Interesting post Willis Eshenbach, thank you.
“Amplification of Global Warming by Carbon-Cycle Feedback Significantly Less Than Thought, Study Suggests”
http://www.sciencedaily.com/releases/2010/01/100127134721.htm
http://www.nature.com/nature/journal/v463/n7280/full/nature08769.html
Although I think Willis is correct that climate sensitivity is unlikely to be linear and independent of temperature there is a flaw in his argument. The question is whether clearly non linear local and short term negative feedbacks can be used challenge the linearity claim. Tom raises V=RI Ohms law but his argument about random electron motion misses the point. The real challenge is that posed by capacitance and impedence which create non linear behaviour when I is not constant. Such transient behaviour does not disprove Ohms law. In the climate system the oceans are a huge capacitor and water generally (through evaporation and cloud formation) a huge impedence. The problem is that clouds are also part of the climate’s “resistance”. The people who create the climate models cannot model deep sea currents or clouds so it is unlikely that any model they generate will contain a relationship which predicts that the overall avearage level of cloud will change permanently given a new average temperature. Thus a quasi linear constant radiative forcing is built into the model. One cannot be surprised if it is one of the outputs!

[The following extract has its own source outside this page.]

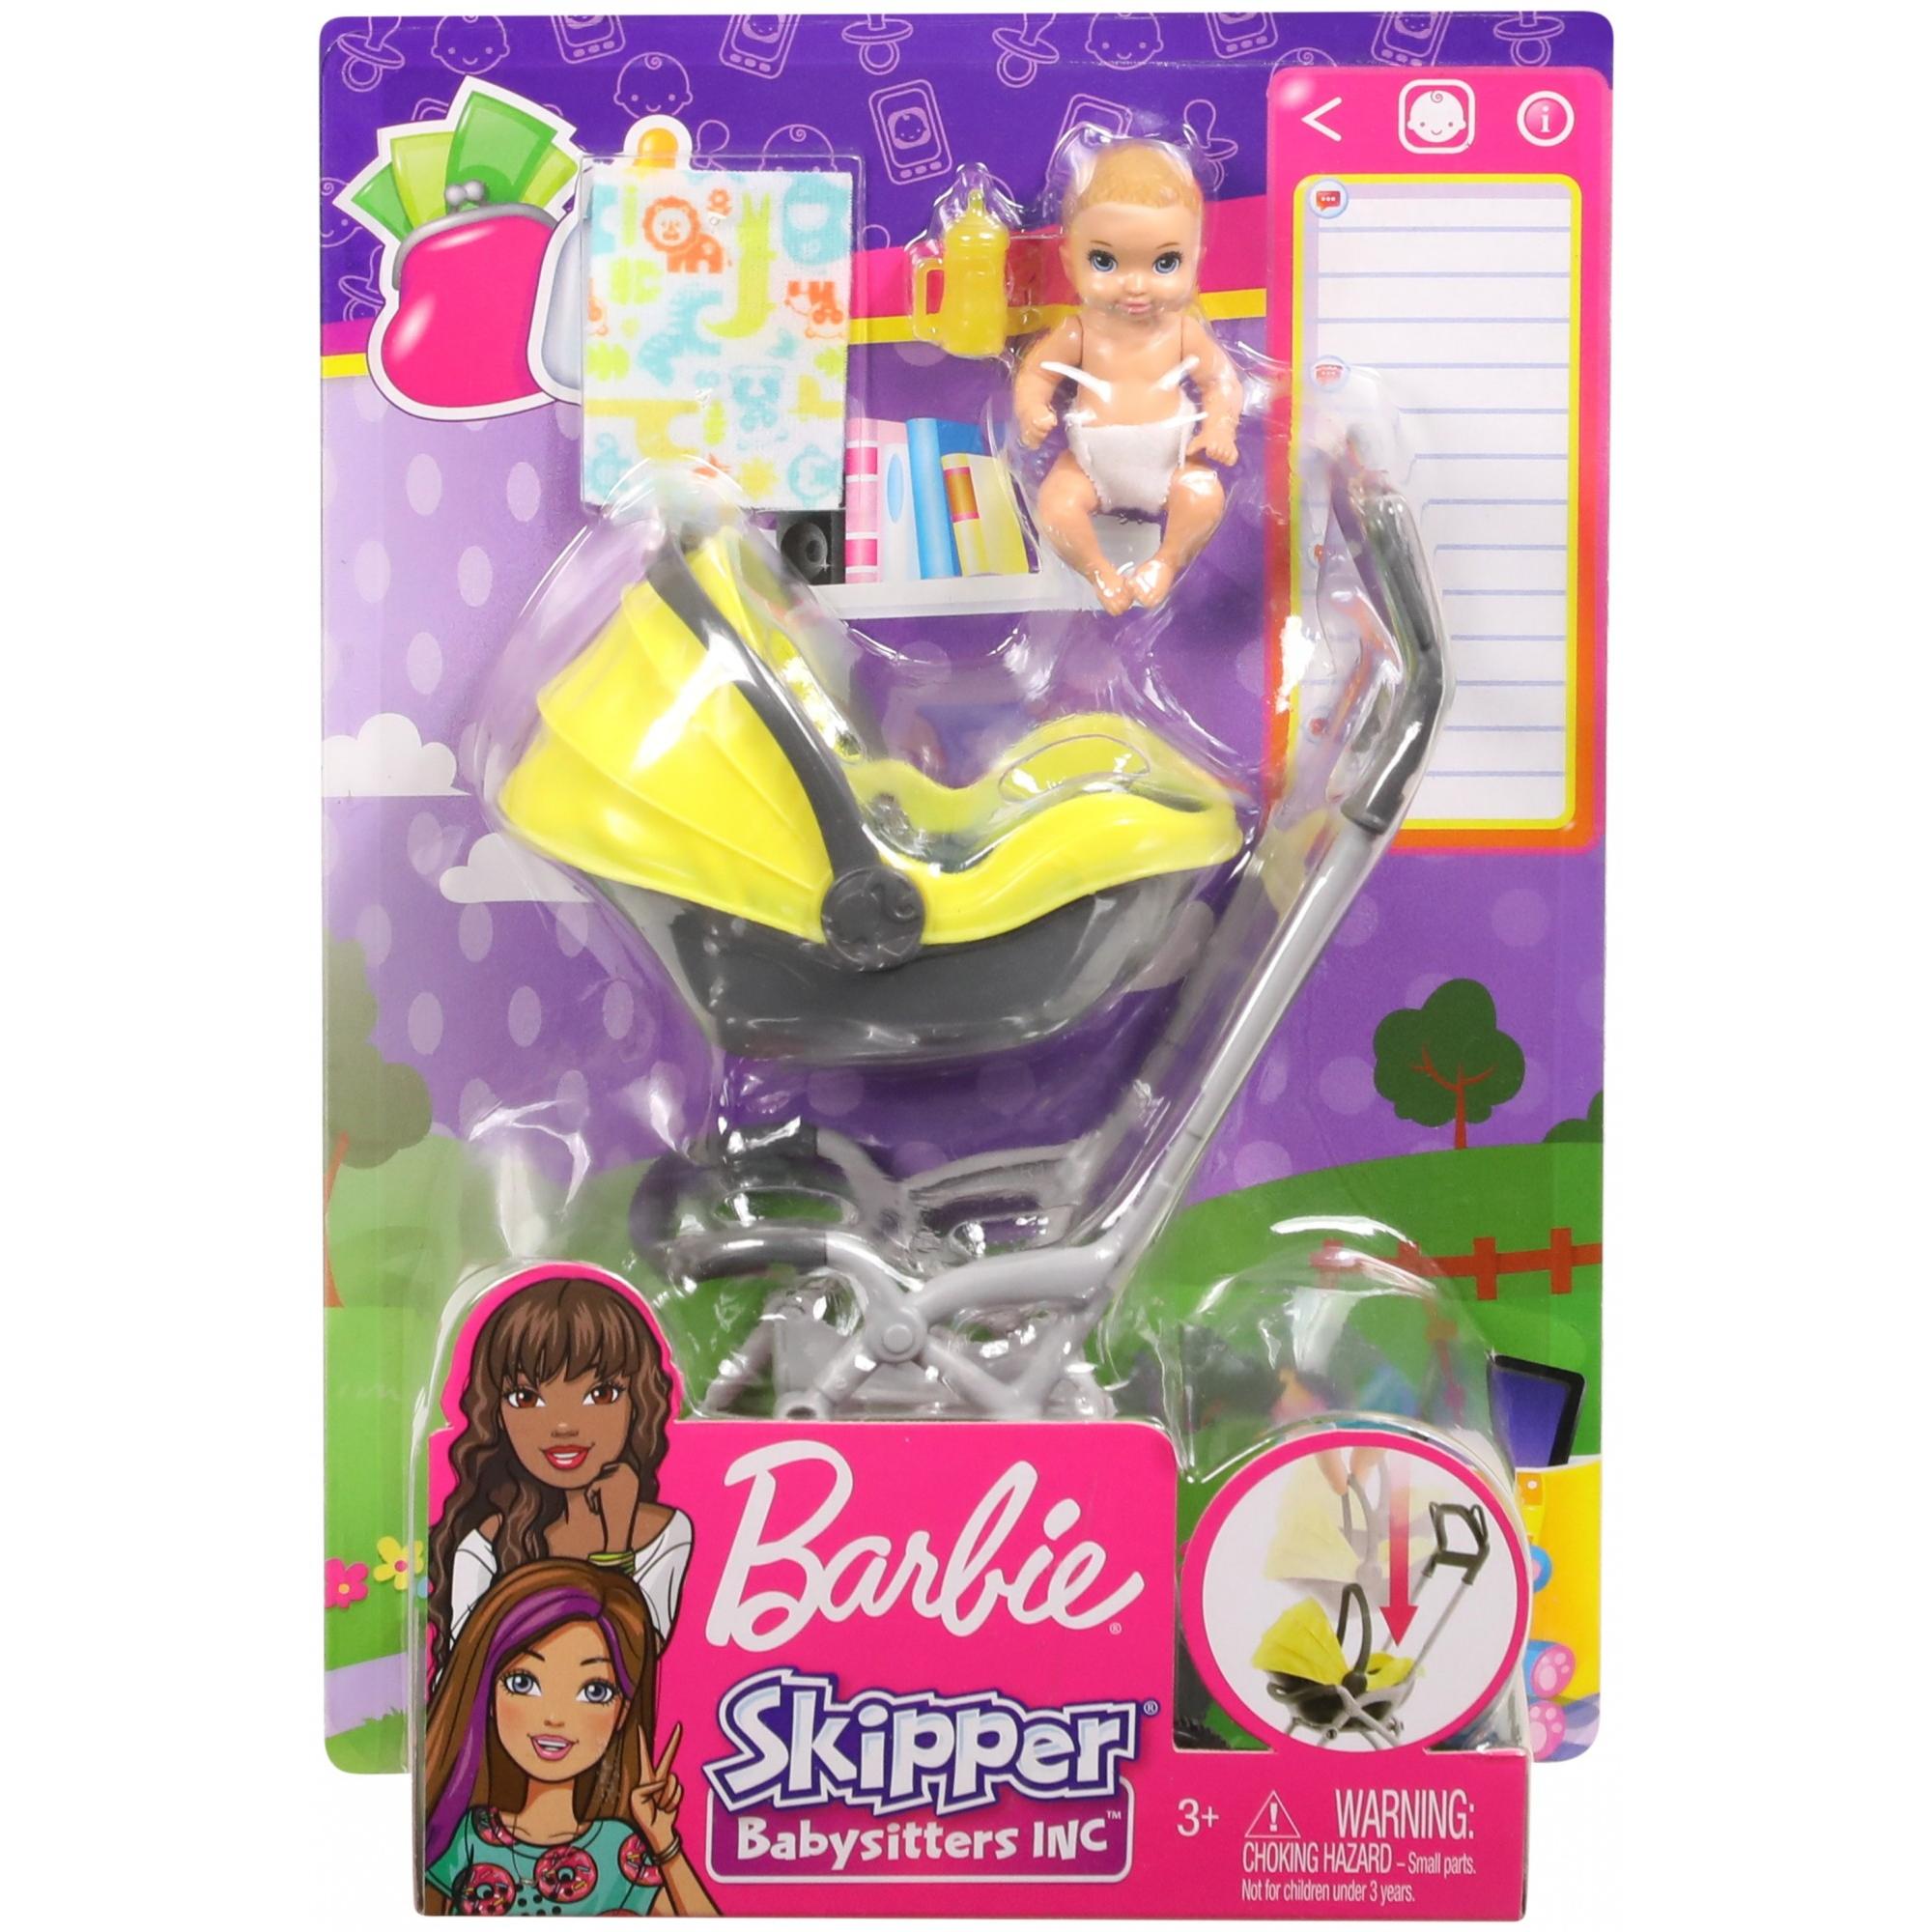 Barbie Skipper Babysitters Inc. Doll and Playset, Small Baby Doll with 2-in-1 Stroller - image 5 of 6
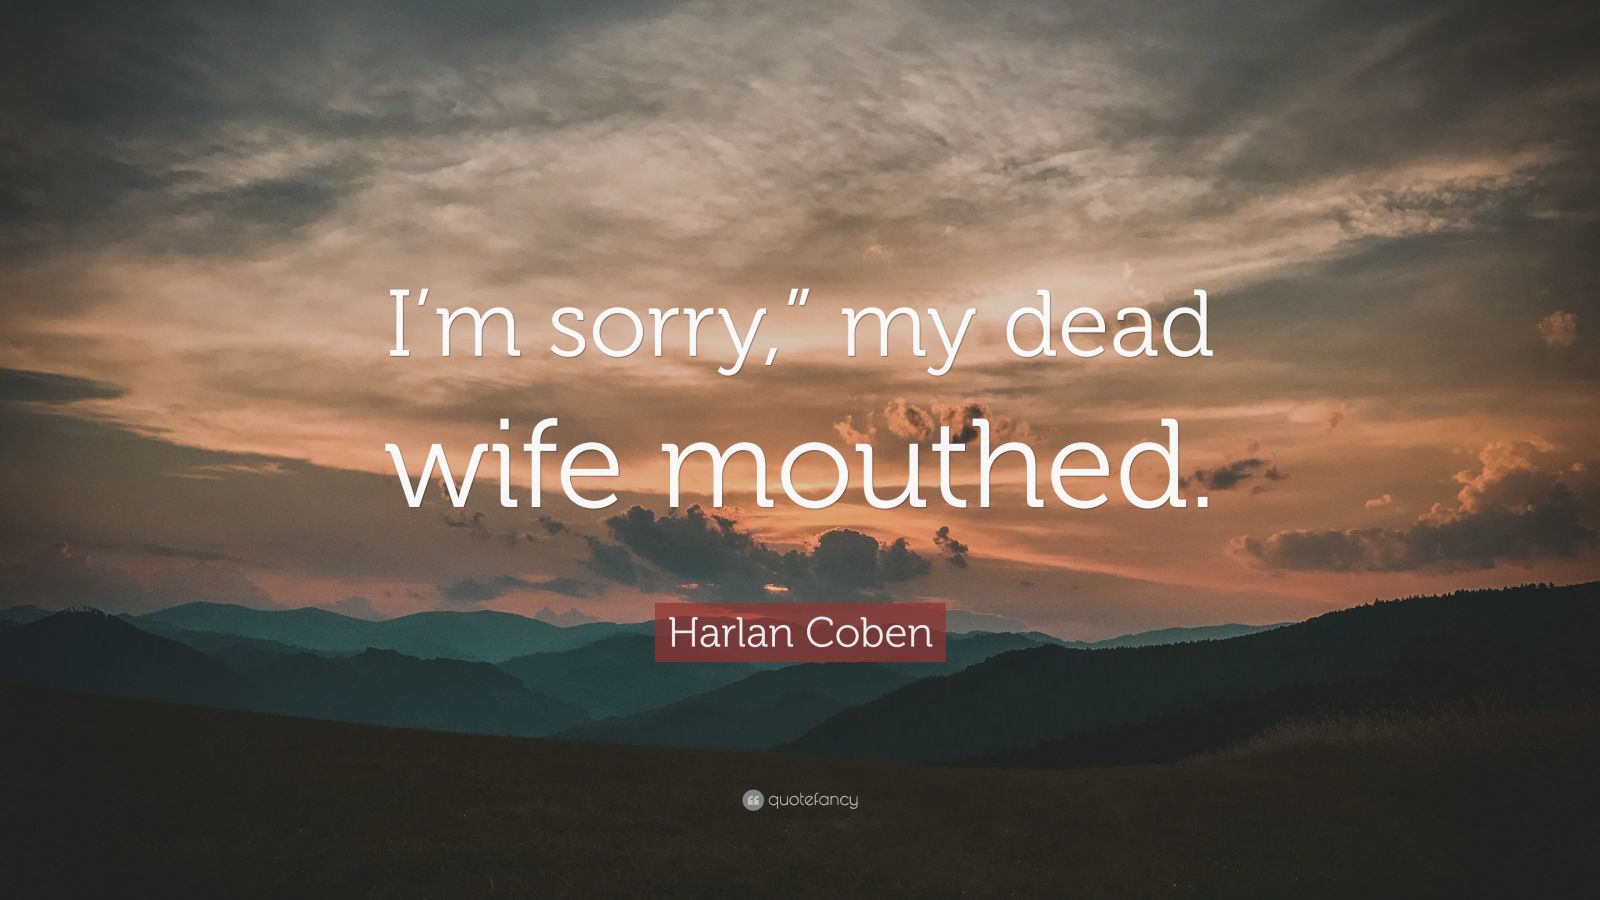 Harlan Coben Quote: “I'm sorry,” my dead wife mouthed.”

Thus the strongest argument (as Willis and others have pointed out) is that you cannot postulate any relationship (liner or otherwise) without testing if it holds true in real life. This has not been done.
Finanally I am bemused by the idea that a linear relationship should be postulated at all. The energy radiated by the earth is dependent on its absolute temperature to the fourth power. So if you increase the radiation received by 4% the absolute temperature has to increase by about 1% to compensate. As Tom Vonk points out this might look linear (particularly measured in degrees C) for very small changes but it is highly non linear in reality. Can anyone who knows the models explain why linearity should be considered even remotely likely?
This goes back to logic 101. The IPCC is basically saying that since A implies B, not A implies not B. Going to their argument: linearity is A, evidence is B. The IPCC is saying “GCM have found no evidence of any nonlinearity for changes in greenhouse gases.” Thus, not A is nonlinearity, and not B no evidence. So, since no evidence exists otherwise implies the system is nonlinear, that means evidence implies linearity. Does that makes sense? This example may help too: If I have the flu, that implies I have a virus but I do not have the flu, that implies I do not have a virus. You see how the second statement is the opposite of the first, yet simple logic and real world sense says it is not true.
I think the IPCC statements are either incompetence in action or purposeful obfuscation. Either way, nothing they state can be trusted. Who is really going to examine every sentence for logical fallacies like this?
LazyTeenager – good name. Yes, you are lazy. If you’d actually read the OP carefully, you’d find that the quoted IPCC material does claim the linearity assumption has been tested purely by analysis of models:
The IPCC assertion is based on studies of models. Not studies of the real world.
Your skepticism is well founded but misplaced.